→ **TASK TO CARRY OUT**:
Lines from the one with "Lyžařské boty Atomic Hawx R 100 vel. EU43.5" through the end of the records, and no others, are what the answer should contain, copied exactly; please keep pictures out.

→ **RECORDED INFORMATION**:
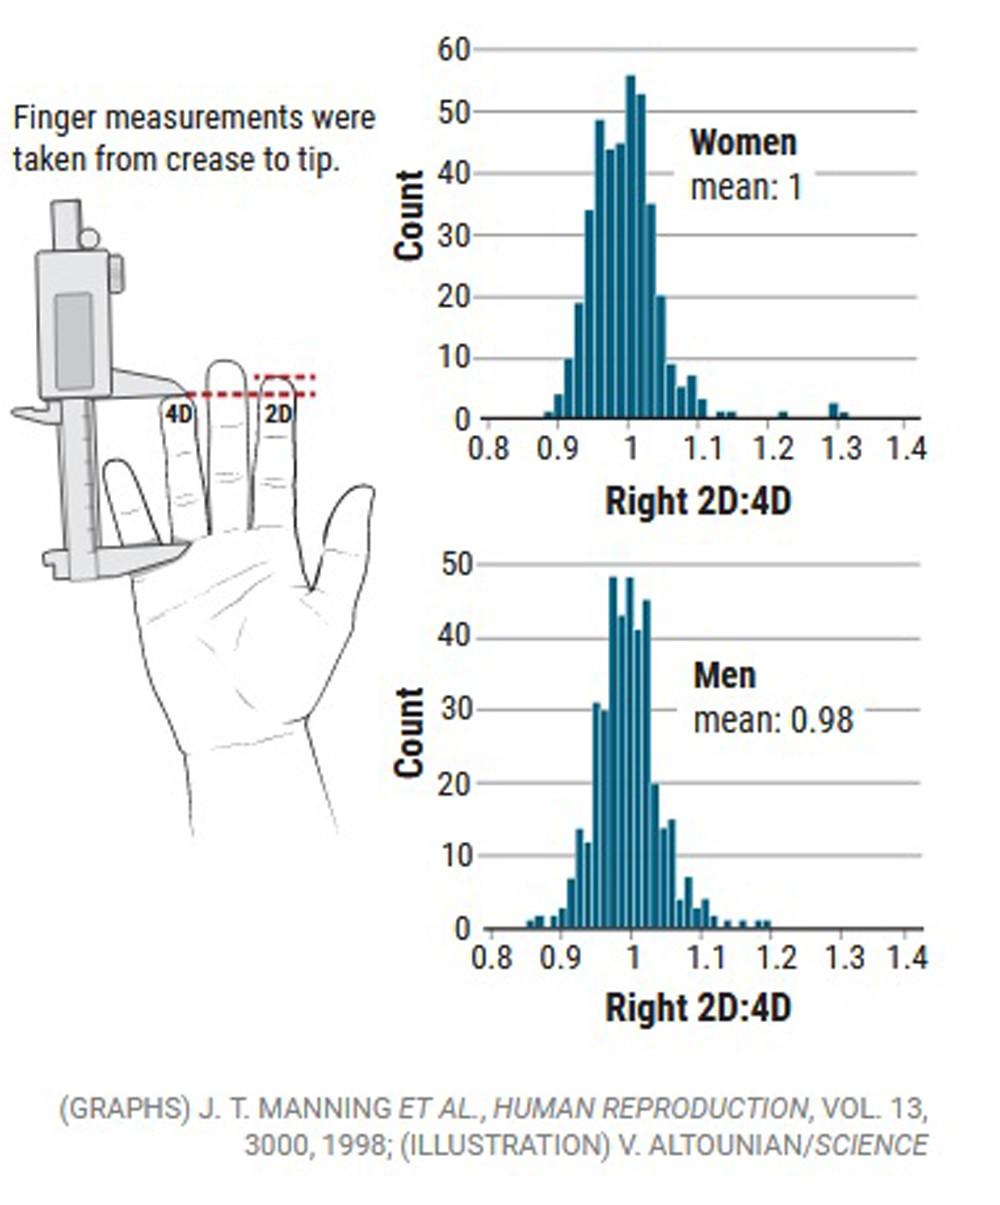 los dedos y la salud
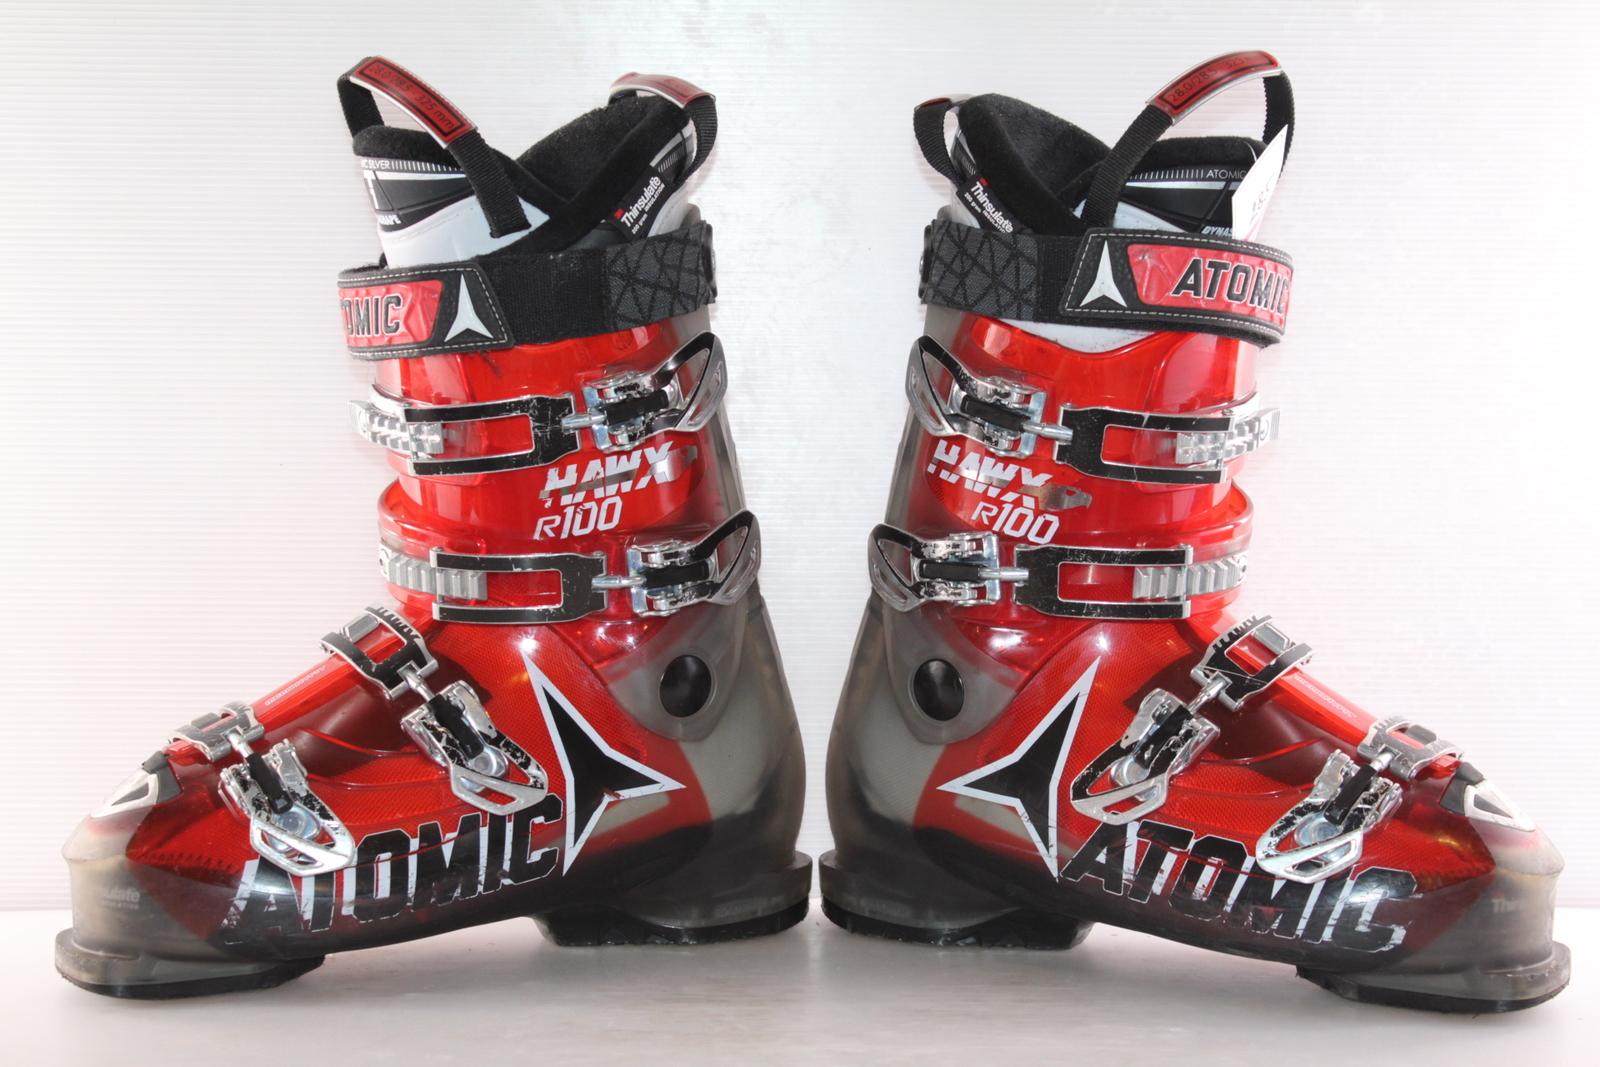 Lyžařské boty Atomic Hawx R 100 vel. EU43.5
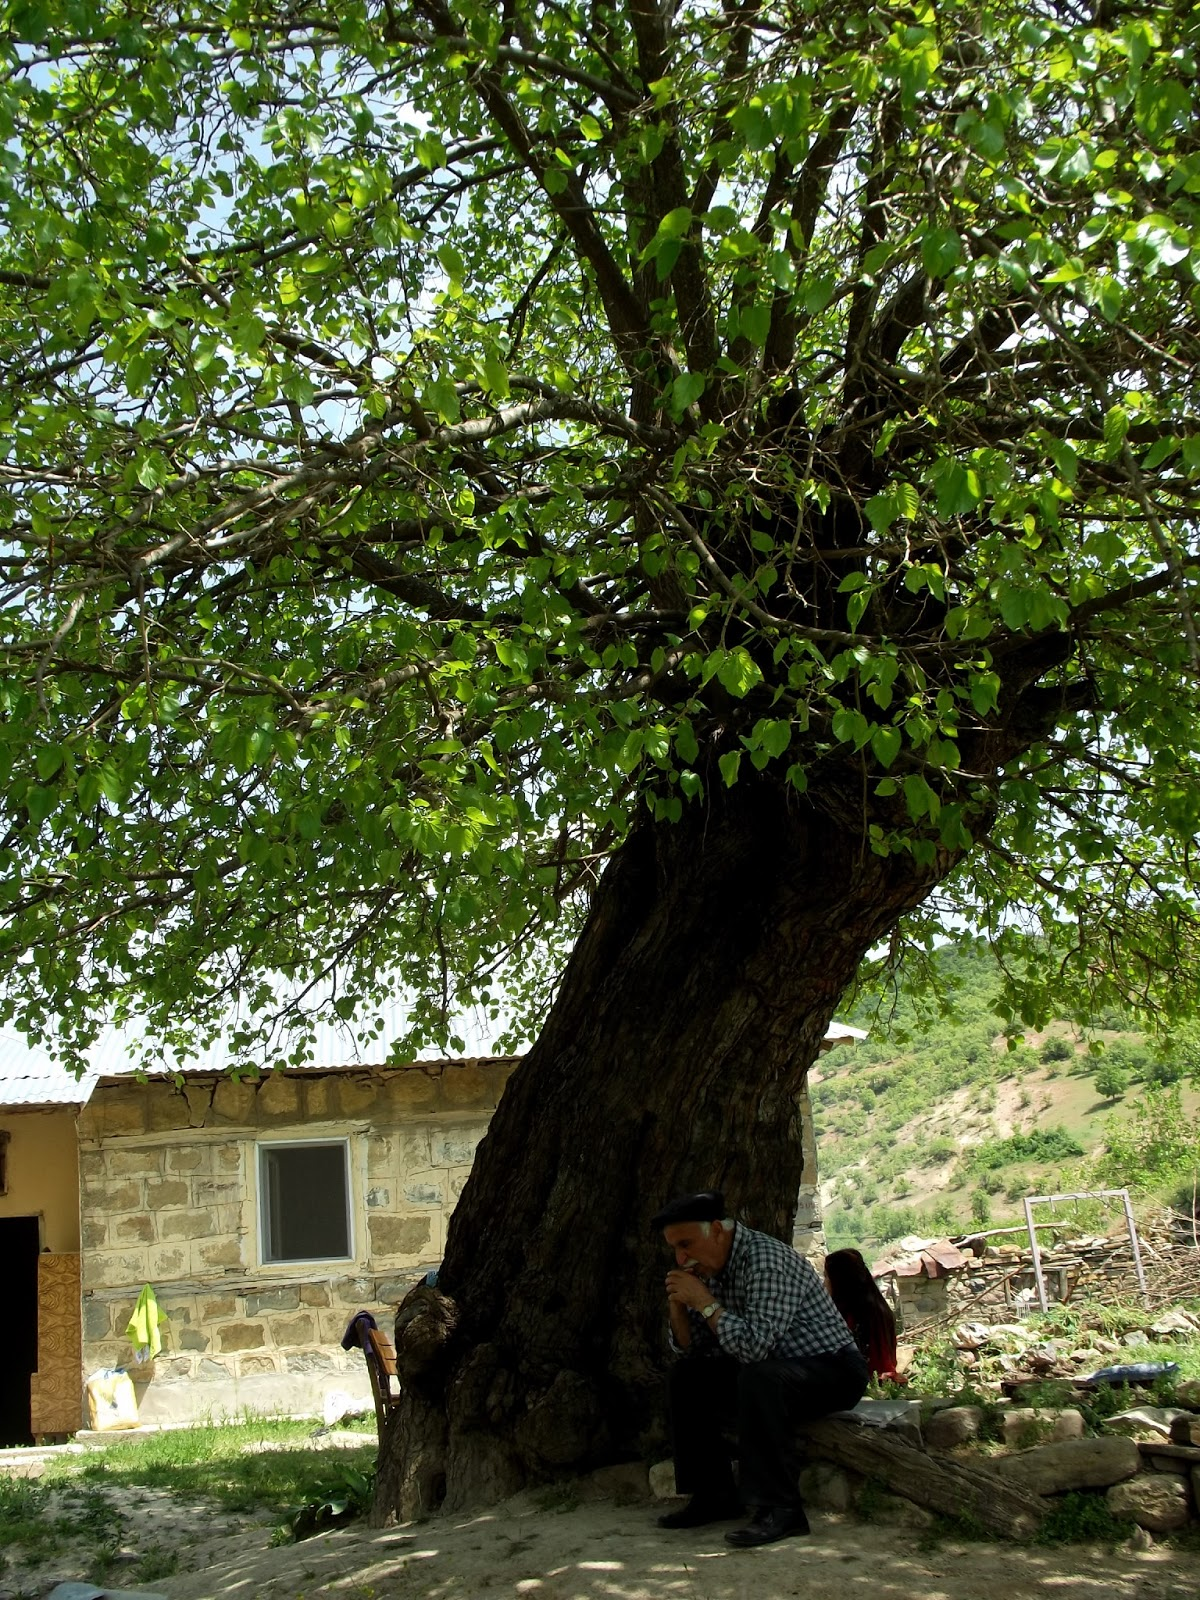 Rüyada Kavak Ağacı Görmek Tırmanmak Ve Kesmek Görmek
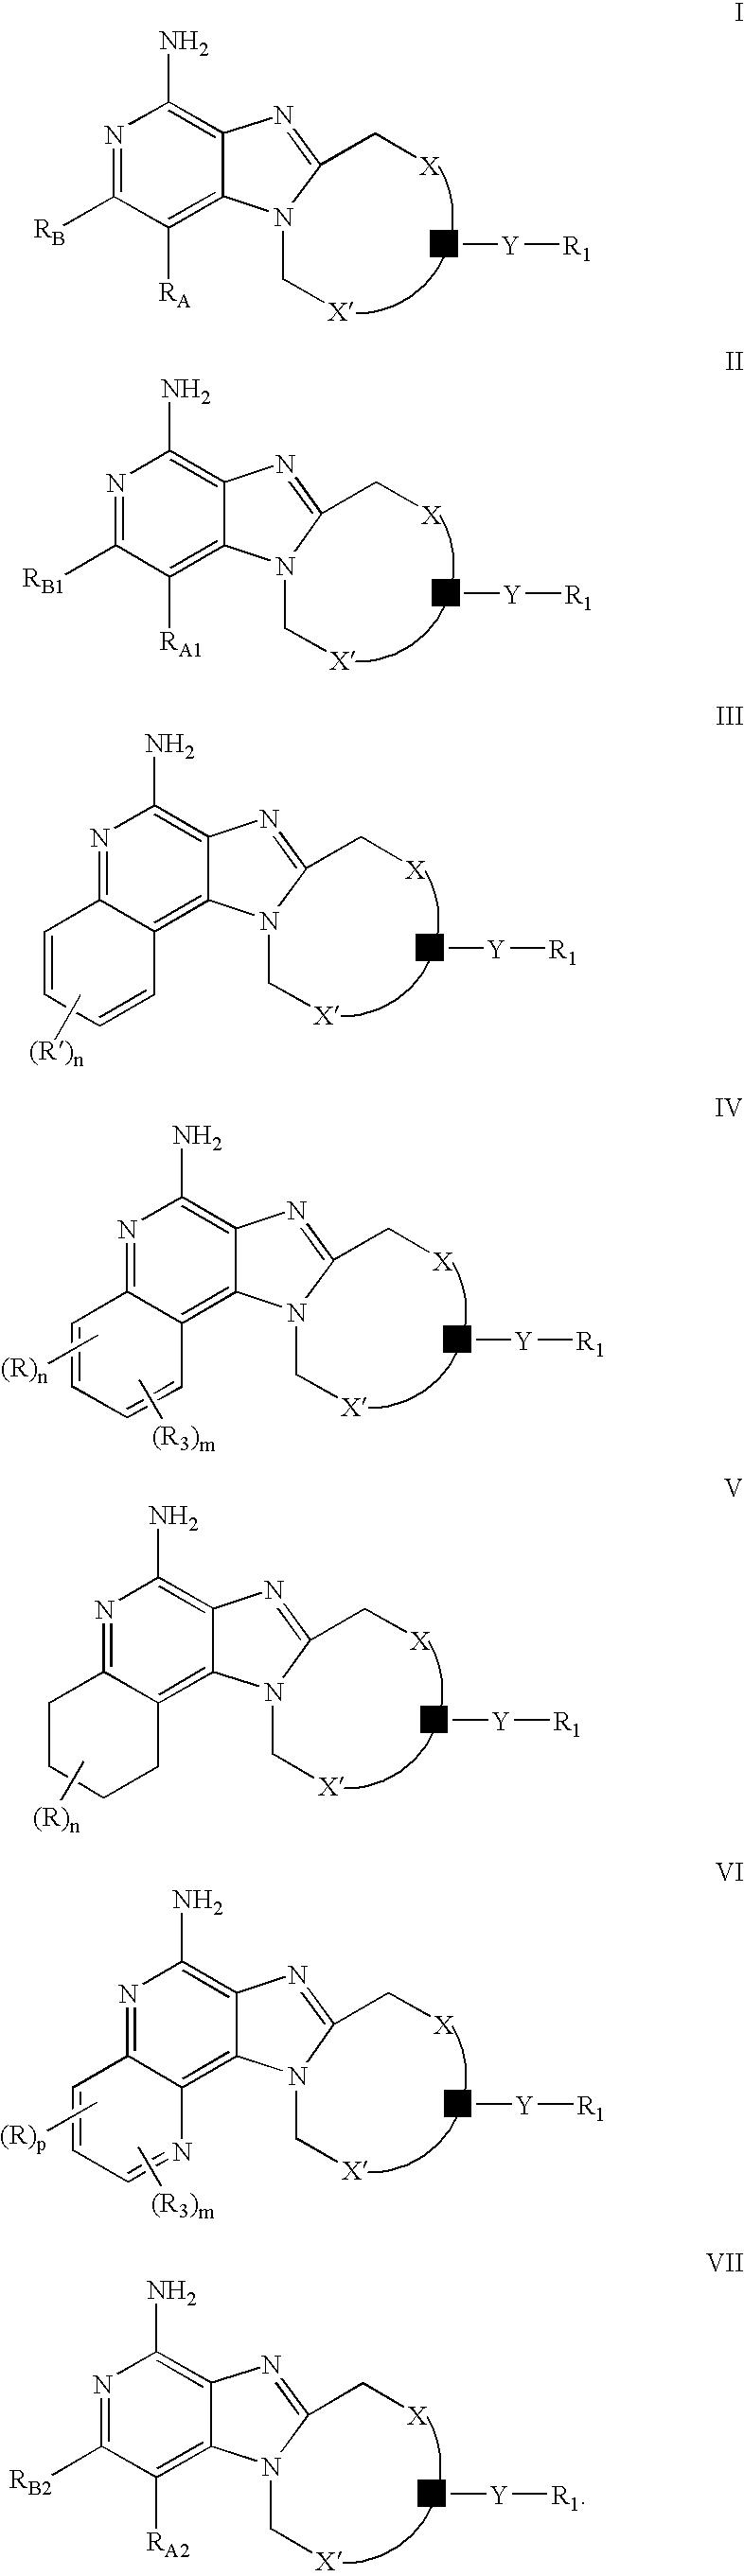 Figure US07888349-20110215-C00003
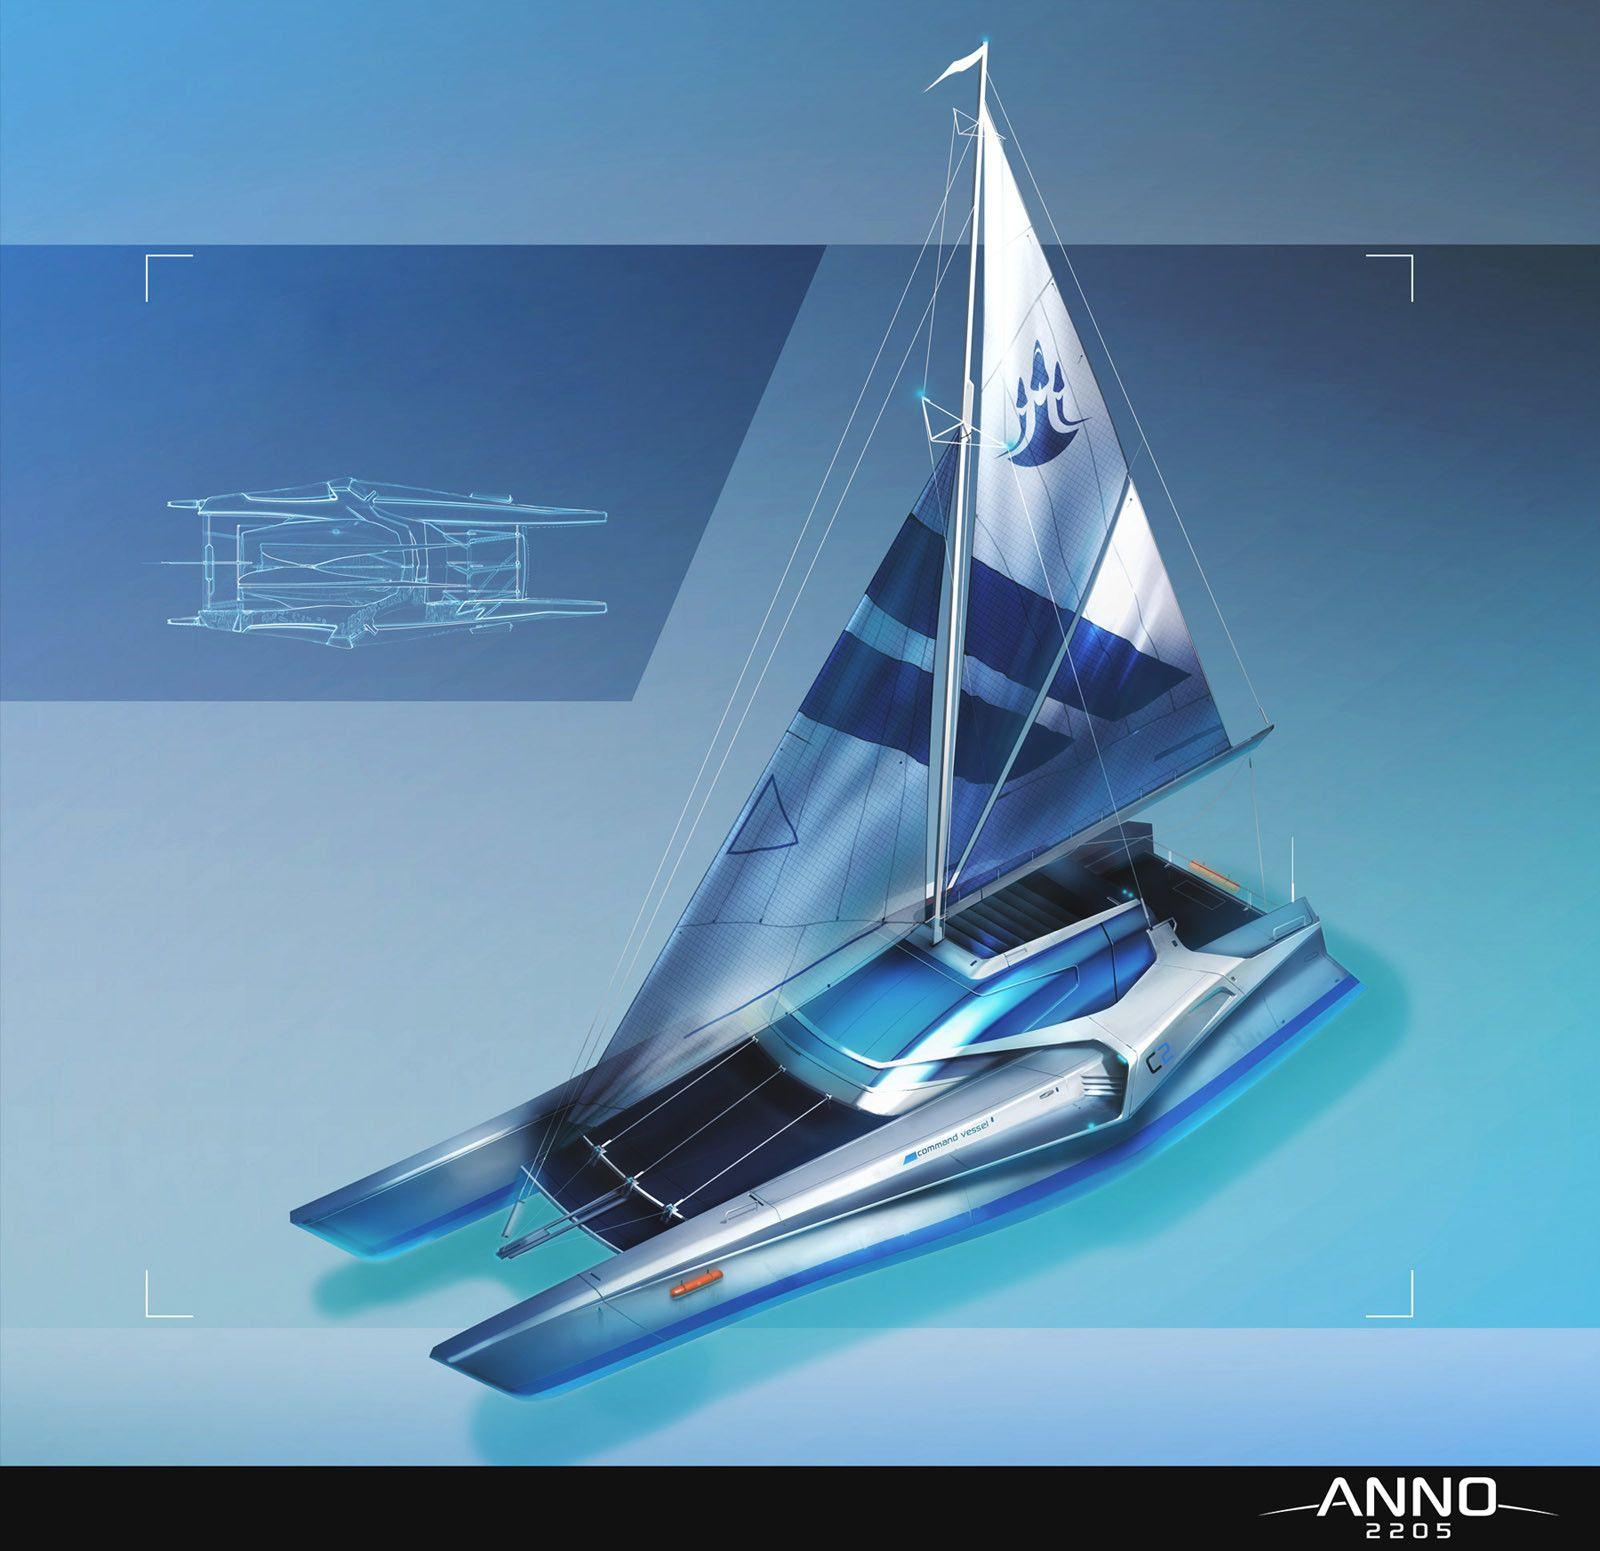 Anno 2205 - Command vessel, Andre Kieschnik

→ **WRITTEN RESPONSE**:
 Lyžařské boty Atomic Hawx R 100 vel. EU43.5
 Rüyada Kavak Ağacı Görmek Tırmanmak Ve Kesmek Görmek
 Figure US07888349-20110215-C00003
 Anno 2205 - Command vessel, Andre Kieschnik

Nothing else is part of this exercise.